论文标题
特征空间在原子学习中的作用
The role of feature space in atomistic learning
论文作者
论文摘要
分子和材料的结构和组成的表现,具有物理启发的描述符在机器学习技术到原子模拟中的应用中起着关键作用。方法的扩散以及每种特征选择的事实可能会导致行为截然不同,具体取决于它们的使用方式,例如通过引入非线性内核和非欧国人指标来操纵它们,使客观地比较不同的方法变得困难,并解决了有关一个特征空间与另一个特征空间如何相关的基本问题。在这项工作中,我们介绍了一个框架,以根据它们诱导的特征空间的结构来比较不同的描述符集,并通过指标和内核进行不同的方式。我们定义诊断工具,以确定替代特征空间是否包含等效量的信息,以及从一个特征空间到另一个特征空间时是否会大幅扭曲。我们特别比较根据原子密度的N体相关性构建的表示形式,并定量评估与使用低阶特征相关的信息损失。我们还研究了广泛使用的肥皂和Behler-Parrinello特征的基本函数和超参数的不同选择的影响,并研究了非线性内核的使用以及Wasserstein-type度量的使用如何改变特征空间的结构与简单的线性特征空间相比。

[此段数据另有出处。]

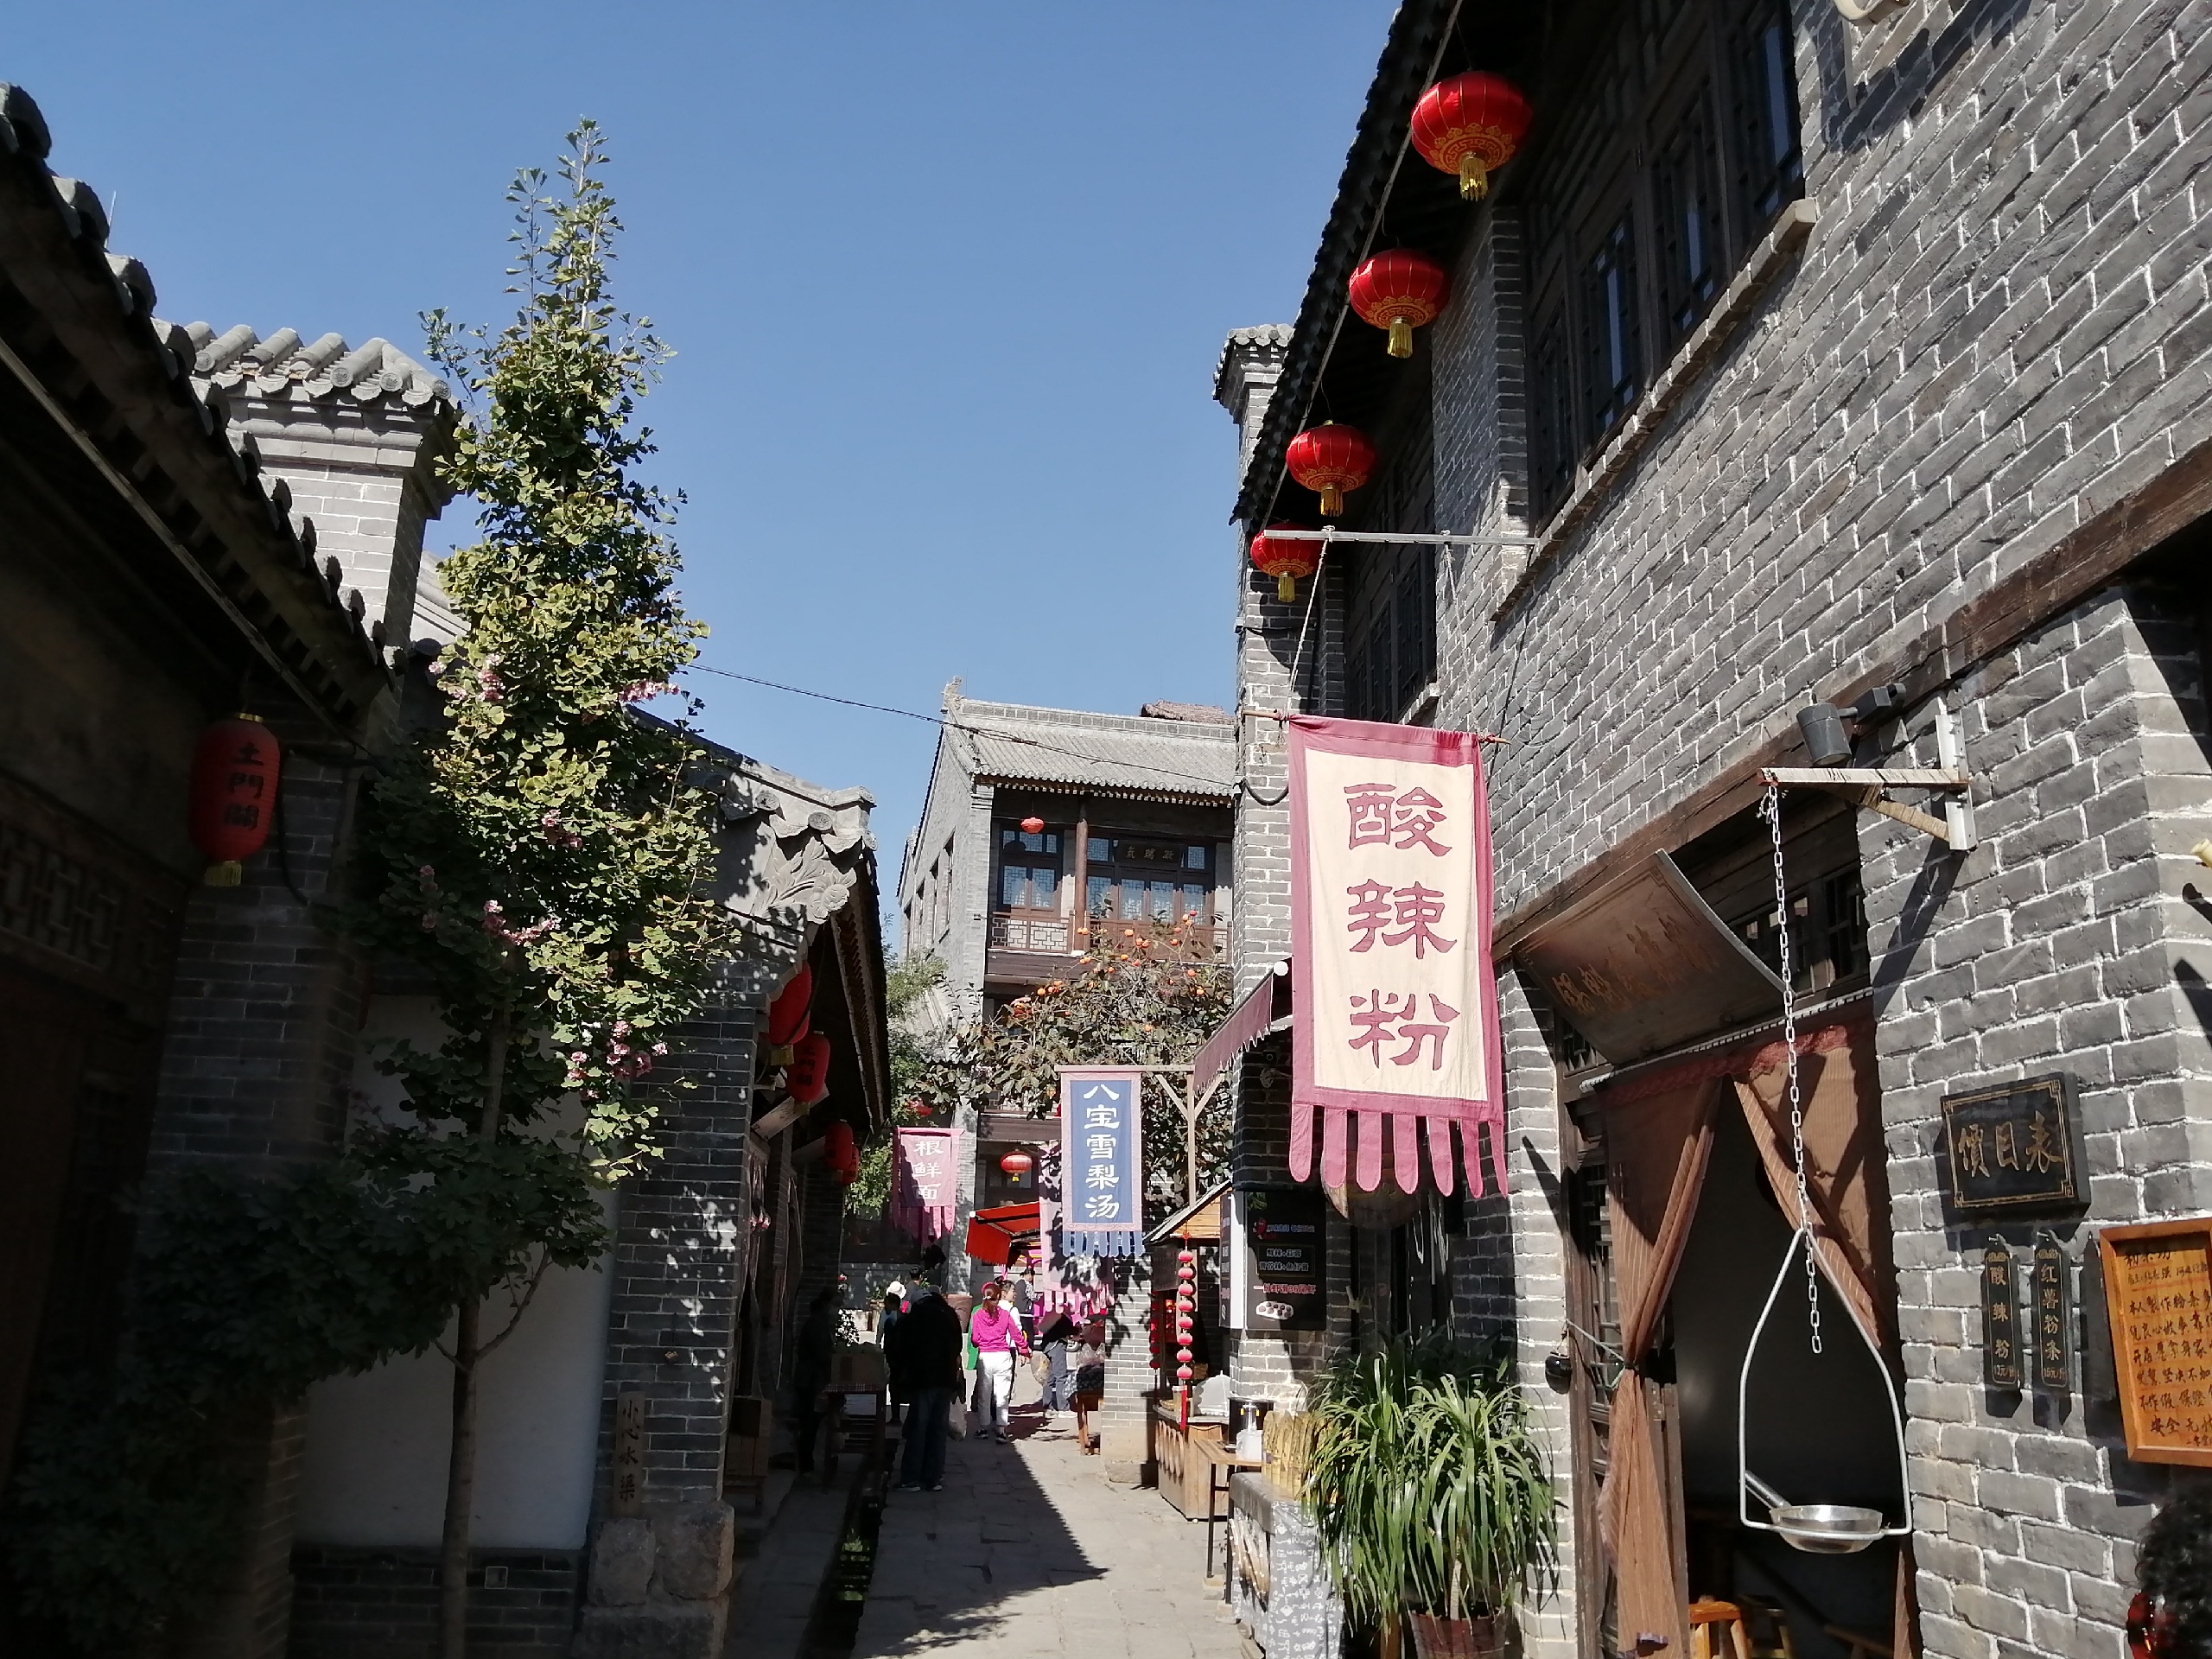 土门关驿道小镇为“太行八陉”之第五陉的井陉东口，是连接晋冀的咽喉要道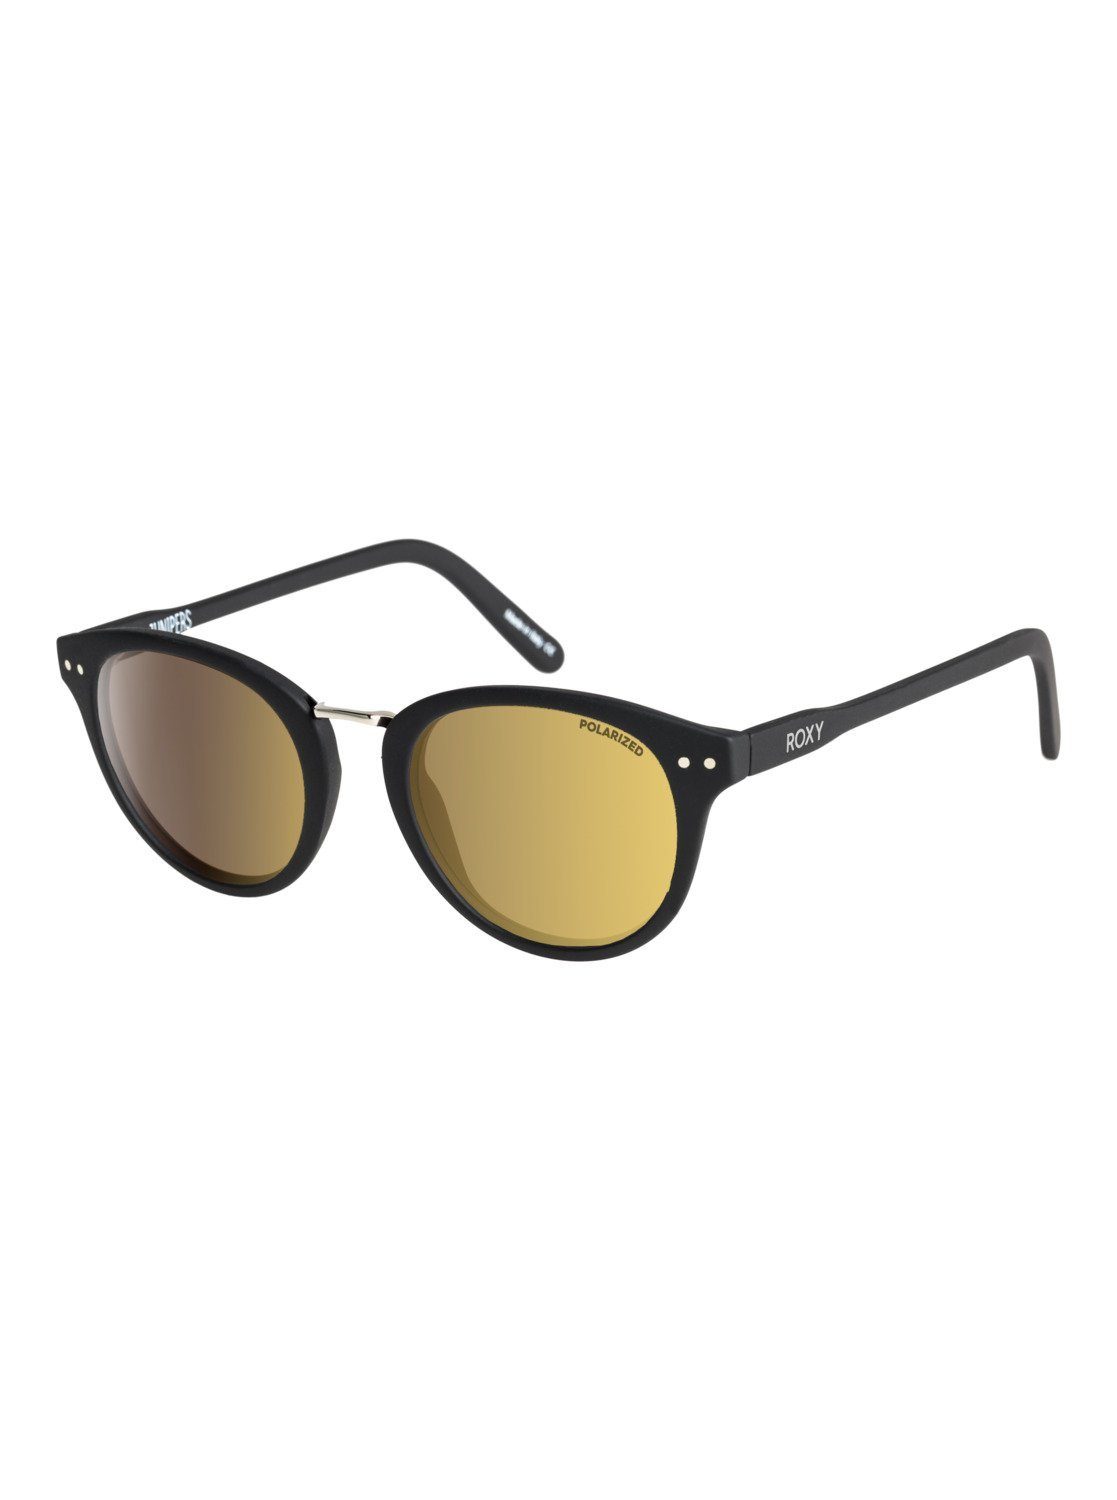 Roxy Sonnenbrille Junipers Polarized | Sonnenbrillen

Eficient, physically-inspired descriptors of the structure and composition of molecules and materials play a key role in the application of machine-learning techniques to atomistic simulations. The proliferation of approaches, as well as the fact that each choice of features can lead to very different behavior depending on how they are used, e.g. by introducing non-linear kernels and non-Euclidean metrics to manipulate them, makes it difficult to objectively compare different methods, and to address fundamental questions on how one feature space is related to another. In this work we introduce a framework to compare different sets of descriptors, and different ways of transforming them by means of metrics and kernels, in terms of the structure of the feature space that they induce. We define diagnostic tools to determine whether alternative feature spaces contain equivalent amounts of information, and whether the common information is substantially distorted when going from one feature space to another. We compare, in particular, representations that are built in terms of n-body correlations of the atom density, quantitatively assessing the information loss associated with the use of low-order features. We also investigate the impact of different choices of basis functions and hyperparameters of the widely used SOAP and Behler-Parrinello features, and investigate how the use of non-linear kernels, and of a Wasserstein-type metric, change the structure of the feature space in comparison to a simpler linear feature space.